Adam no tenía carné de conducir, pero Barry a menudo le dejaba conducir por la zona de estacionamiento. No se lo pensó dos veces y decidió tomar prestado uno de los camiones de los estudios y conducirlo hasta Malibú. Era emocionante conducir por la autovía. ¡Tanto poder! Por primera vez se sintió como una persona normal, casi como si fuera un chico integrado.

Había ido a casa de Rowan en una ocasión. El mes pasado, cuando él le contó a Rowan que nunca había visto el mar a pesar de haber vivido toda su vida en Los Ángeles, y ella inmediatamente lo había llevado a su casa.

El mar le daba un poco de miedo, pero eso no se lo contó a Rowan.

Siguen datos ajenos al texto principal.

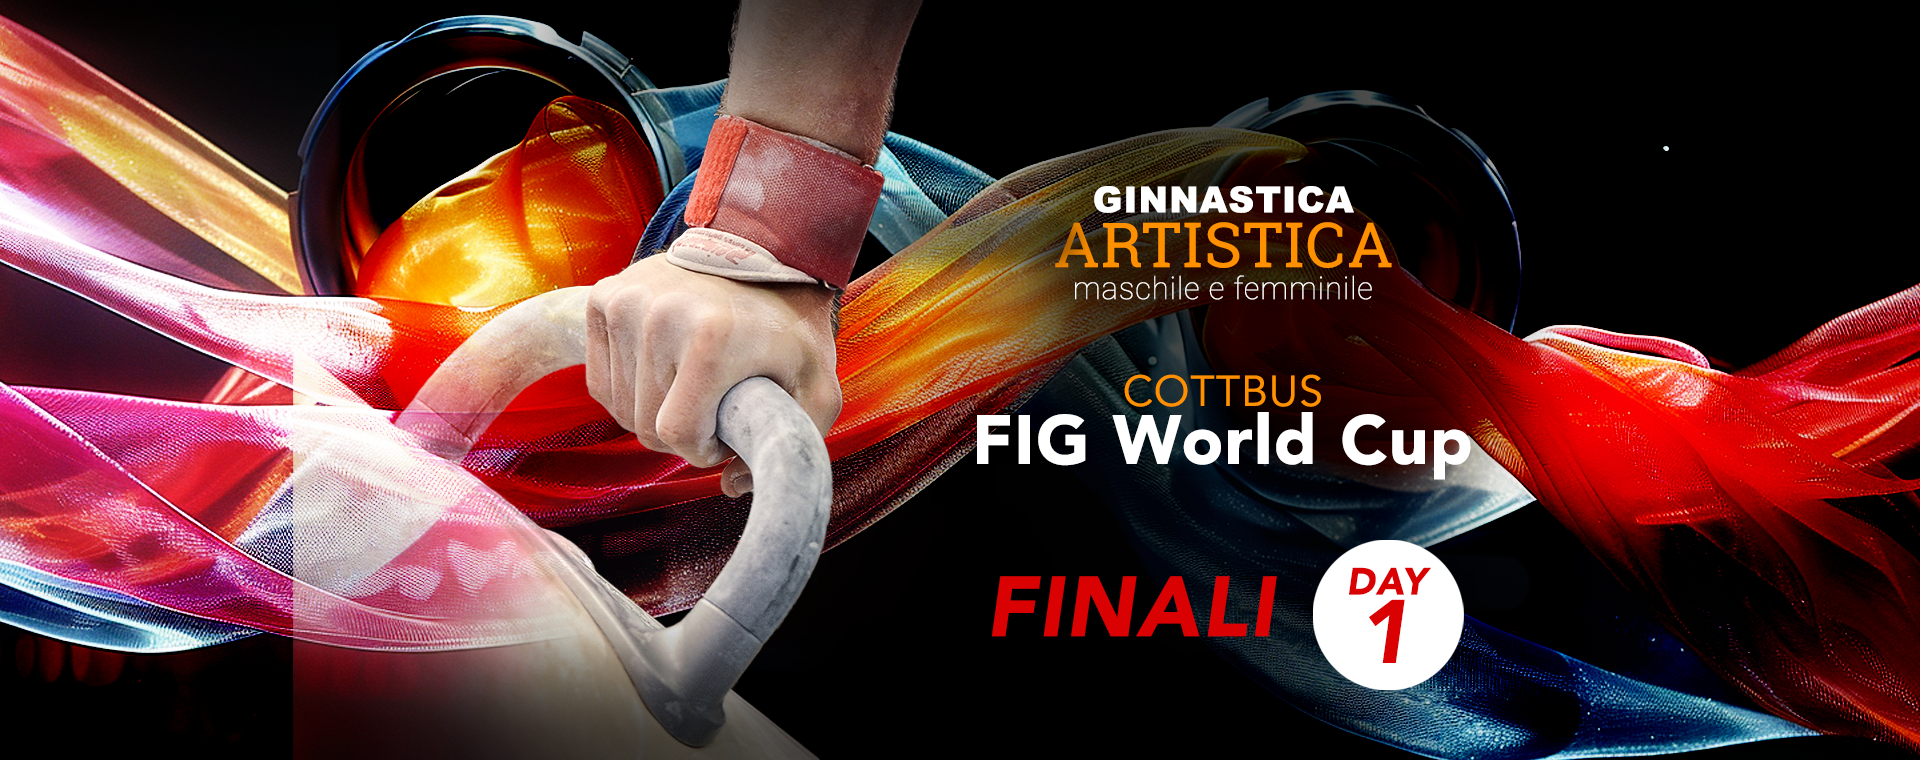 COTTBUS - FIG World Cup - Finals Day 1

Desde su balcón, era muy bonito, y ella le dejó quedarse hasta la puesta de sol, y eso era lo más bello que había visto en toda su vida. Bueno, casi. Rowan era más guapa que el sol. Miraba con una hermosa sonrisa mientras cambiaban los colores en el cielo.

Adam no recordaba cómo llegar a su casa, así que imprimió un mapa del ordenador.

Rowan nunca lo trataba como si fuera un estúpido. No como Marcy y los otros actores, que lo llamaban el chico retrasado de escenografía. A Barry no le gustaba esa palabra, y hablaba en voz baja cuando la oía, y Adam sabía que Barry intentaba levantarle el ánimo, aunque no podía. Sólo con Rowan se sentía mejor y, si él no entendía algo, ella lo volvía a explicar hasta que él lo entendía, y nunca suspiraba ni fruncía el ceño ni tenía esa mirada como si quisiera estar en cualquier otra parte en lugar de estar con él.

Tomó la Autopista uno a Malibú y vio un puesto de flores junto al camino. ¿Le gustarían las flores a Rowan? Había oído a Barry decirle a uno de los cámaras que comprara una docena de rosas para su novia porque a las mujeres les gustaban ese tipo de cosas. Rowan era una mujer y también le gustarían las flores, dedujo Adam.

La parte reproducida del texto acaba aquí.